3 Methodology and Implementation
This section describes the way the machine learning classifiers are implemented on the network traffic features to design an anomaly-based intrusion detection model. The implementation is summarized in four phases, represented in Fig. 2, namely: (1) Network traffic collection (2) Data pre-processing (3) Feature Extraction and Feature Selection (4) Implementation of Machine Learning (ML) techniques for the proposed intrusion detection system.
Proposed ıntrusion detection system model
3.1 Network Traffic Collection
As the estimation and analysis of the machine learning techniques are performed on the network traffic, we need two sets of network traffic data, that is, malicious or intrusive traffic data and non-malicious or normal traffic data. The normal traffic data via an extensive network traffic analyzer software Wireshark [22] is used to capture them and converted into TCP and UDP flow conversations. The other set of data used is KDDCUP’99 [19, 23] dataset, which includes the malicious or intrusive network traffic data. KDD training dataset consists of approximately 4,900,000 records, each of which contains 41 features, labelled as normal or an attack. This data is in “pcap” format, which can be further analyzed by Wireshark. Wireshark is also used to analyze network data, and then the data can be classified as normal and abnormal or intrusive data. Wireshark presents the data packets in a human-readable format, making it easier to understand the data better.
3.2 Data Pre-processing
The dataset is pre-processed, and in order to do that, the KDDCUP'99 data set is cleaned, and the redundant data is eliminated. The combination of both the datasets together is then divided into two sets of data, that is, training and testing datasets in the ratio of 70:30. These datasets, normal and intrusive datasets, before dividing them are labeled as “normal” and “attack” which helps distinguish the type of network traffic data.
3.3 Feature Extraction and Feature Selection
Based on [24, 25] and the survey conducted on the previous related work on the network traffic features pertaining to intrusion detection, techniques like PCA, LDA, etc. were used, and we found that 14 network traffic features extracted from the TCP and UDP flow conversations were of at most importance, represented in Table 1, in order to analyze the collected network traffic features for normal samples.
Out of these 14 traffic features, we had to obtain an optimal set of features to perform the machine learning techniques for detecting the intrusion.
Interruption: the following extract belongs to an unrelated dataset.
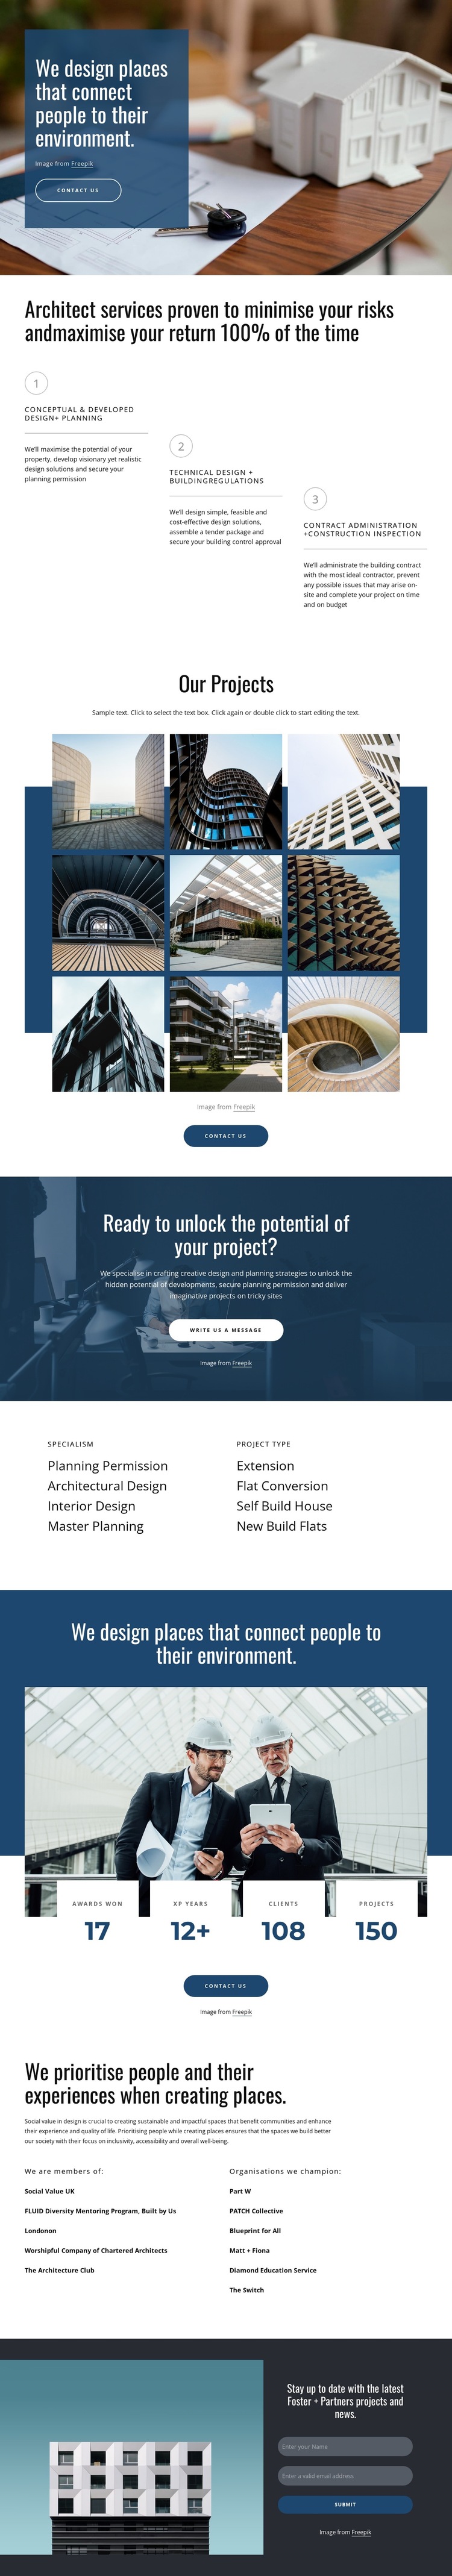 We design amazing projects HTML5 Template

For this purpose, we used the feature selection technique, Feature Importance. Feature selection is a technique that reduces the amount of data to be analyzed. This is accomplished by identifying the most important features (or attributes) of a data set and discarding the less important ones. Feature importance renders a score for each of the features of the network traffic data; the higher the score more relevant or important is the feature. As we have implemented the intrusion detection model in Python, the importance selection is used, which is an in-built class.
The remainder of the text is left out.